_DATA SEGMENT_.
--------
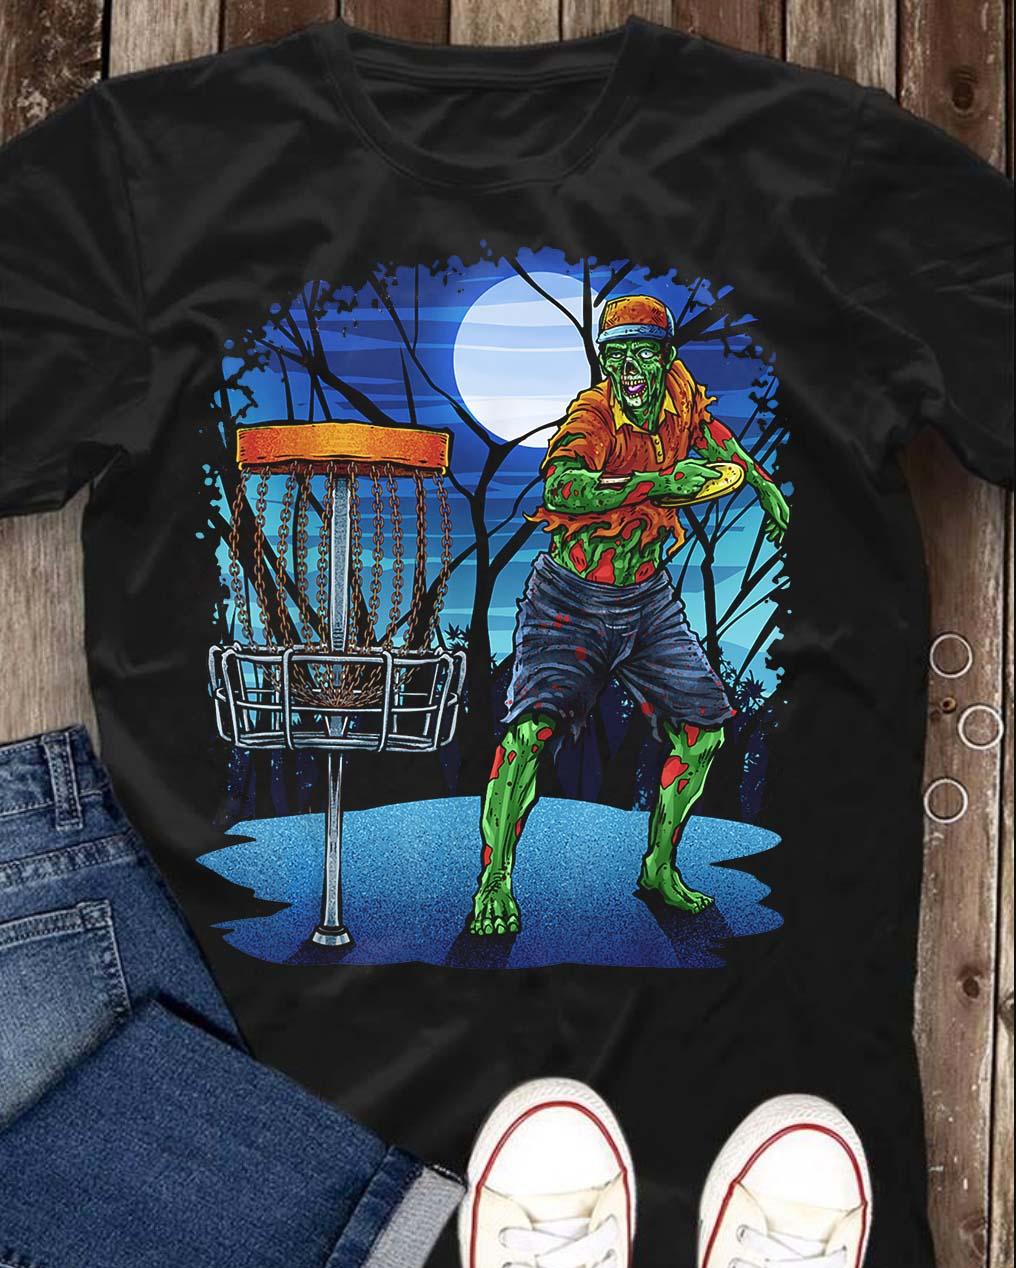 Zombie playing Disc golf - Disc golf the sport, Halloween zombie costumeZombie playing Disc golf - Disc golf the sport, Halloween zombie costume
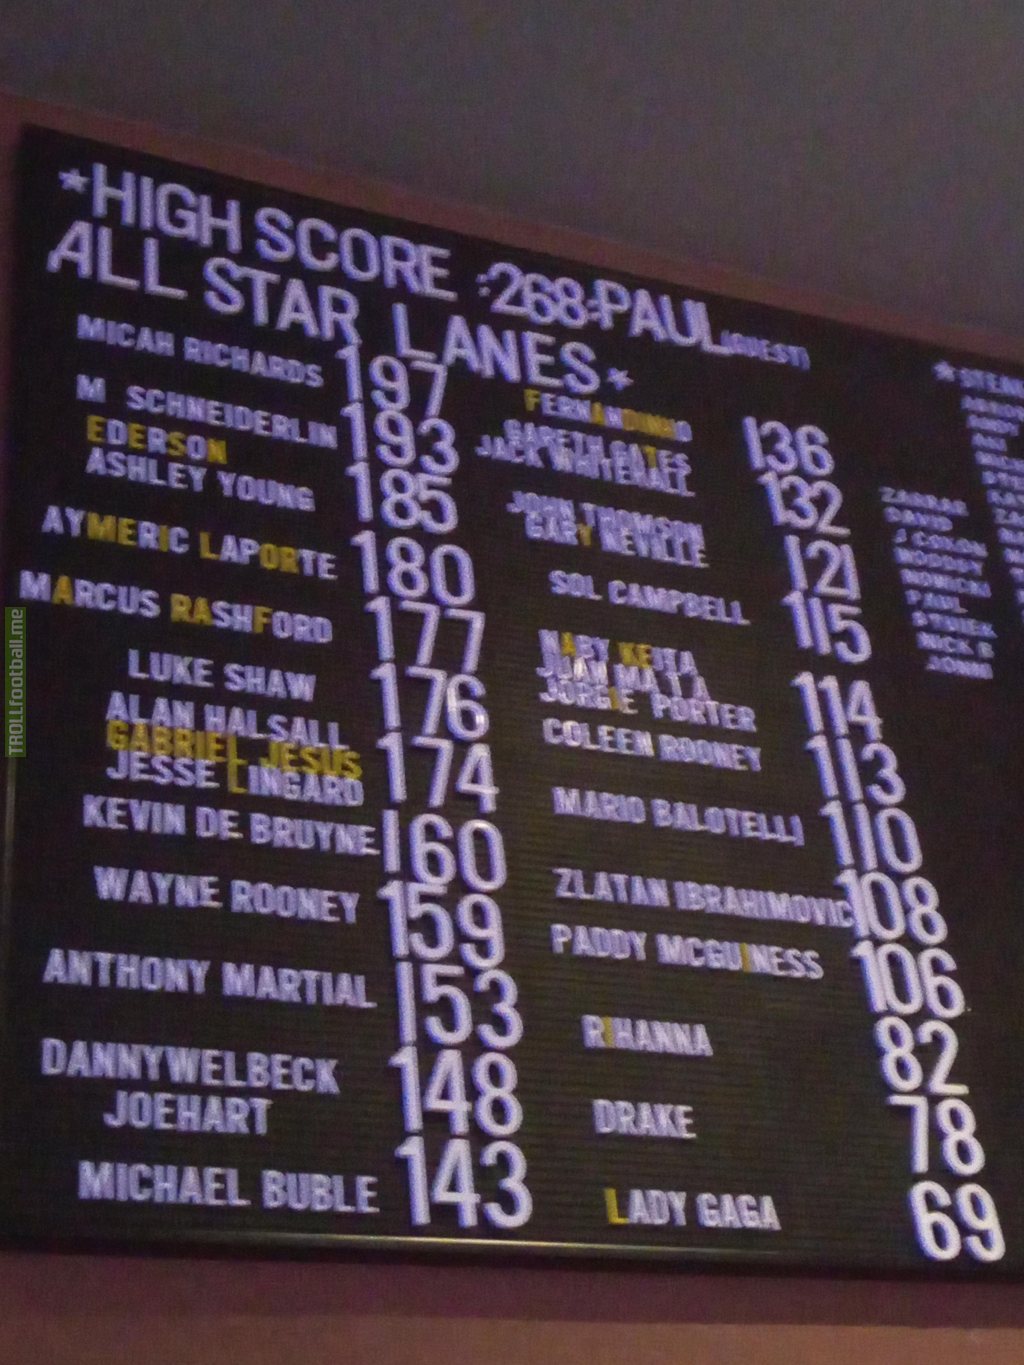 Famous Manchester players and random celebrities top bowling scores at a bar in the city.
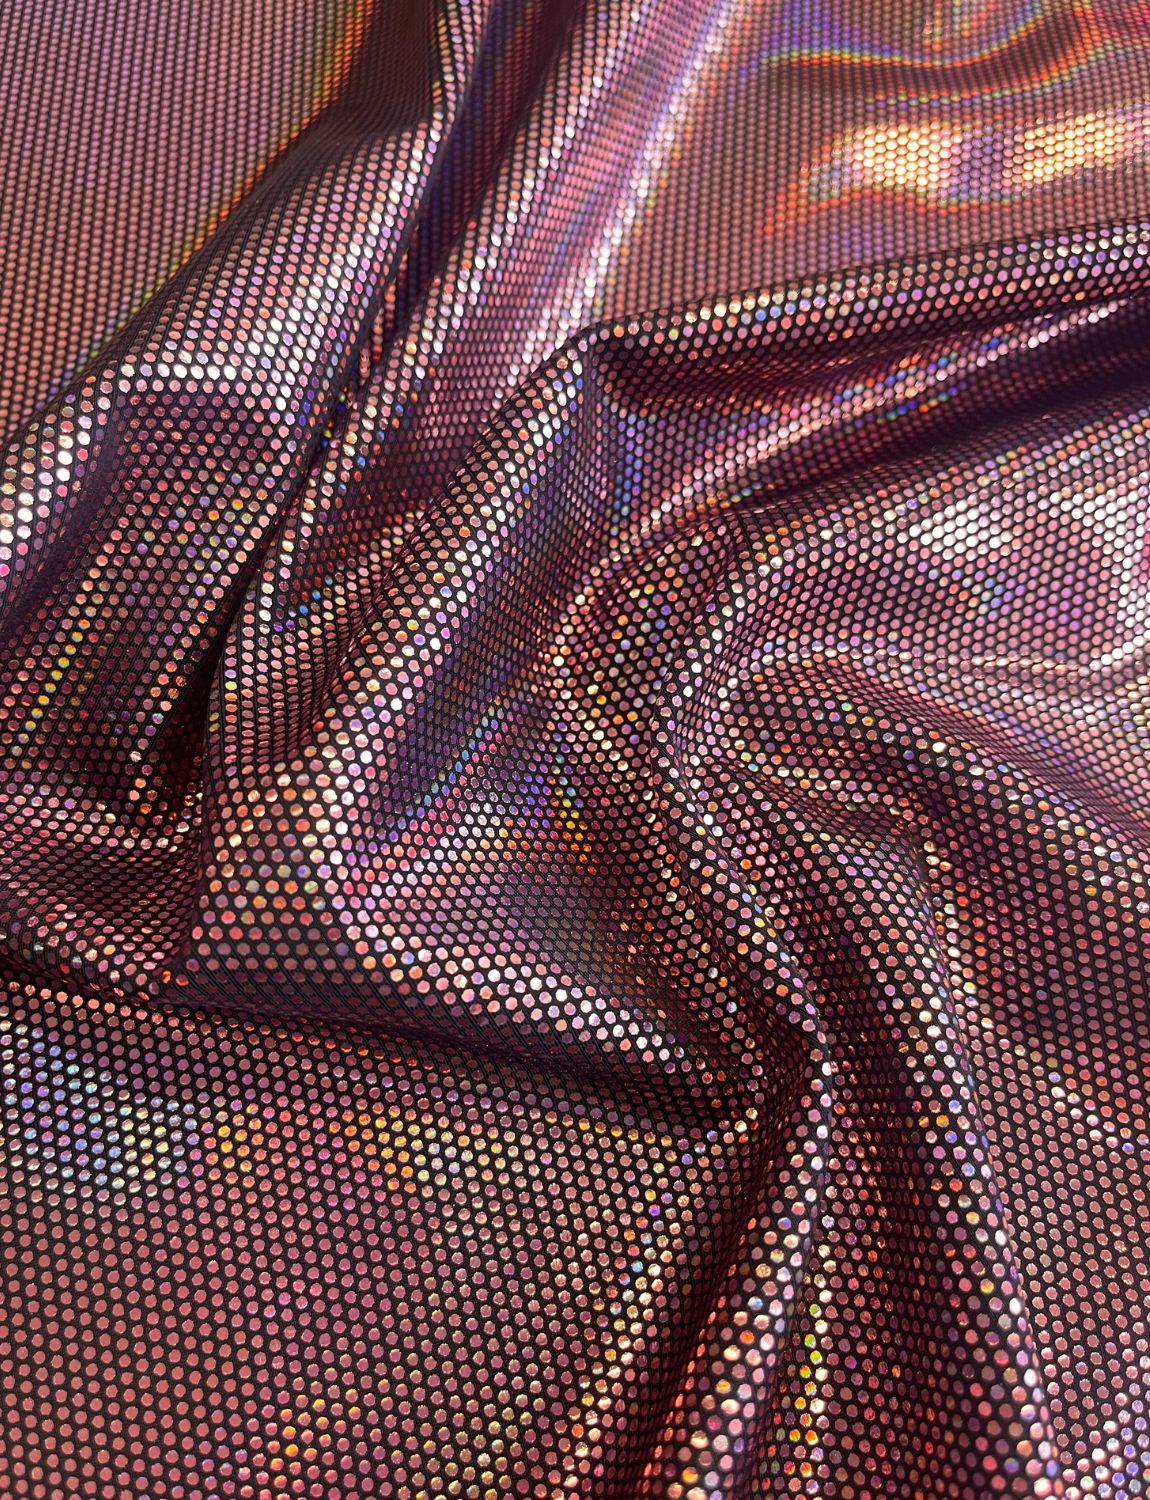 Pink holographic spotted foil on black stretch fabric.
--------
_EXERCISE DETAILS_. The required output is an exact copy of the lines from the start of the material above through the line containing "Famous Manchester players", inclusive, with no pictures in it.

_ANSWER SECTION_.
 Zombie playing Disc golf - Disc golf the sport, Halloween zombie costumeZombie playing Disc golf - Disc golf the sport, Halloween zombie costume
 Famous Manchester players and random celebrities top bowling scores at a bar in the city.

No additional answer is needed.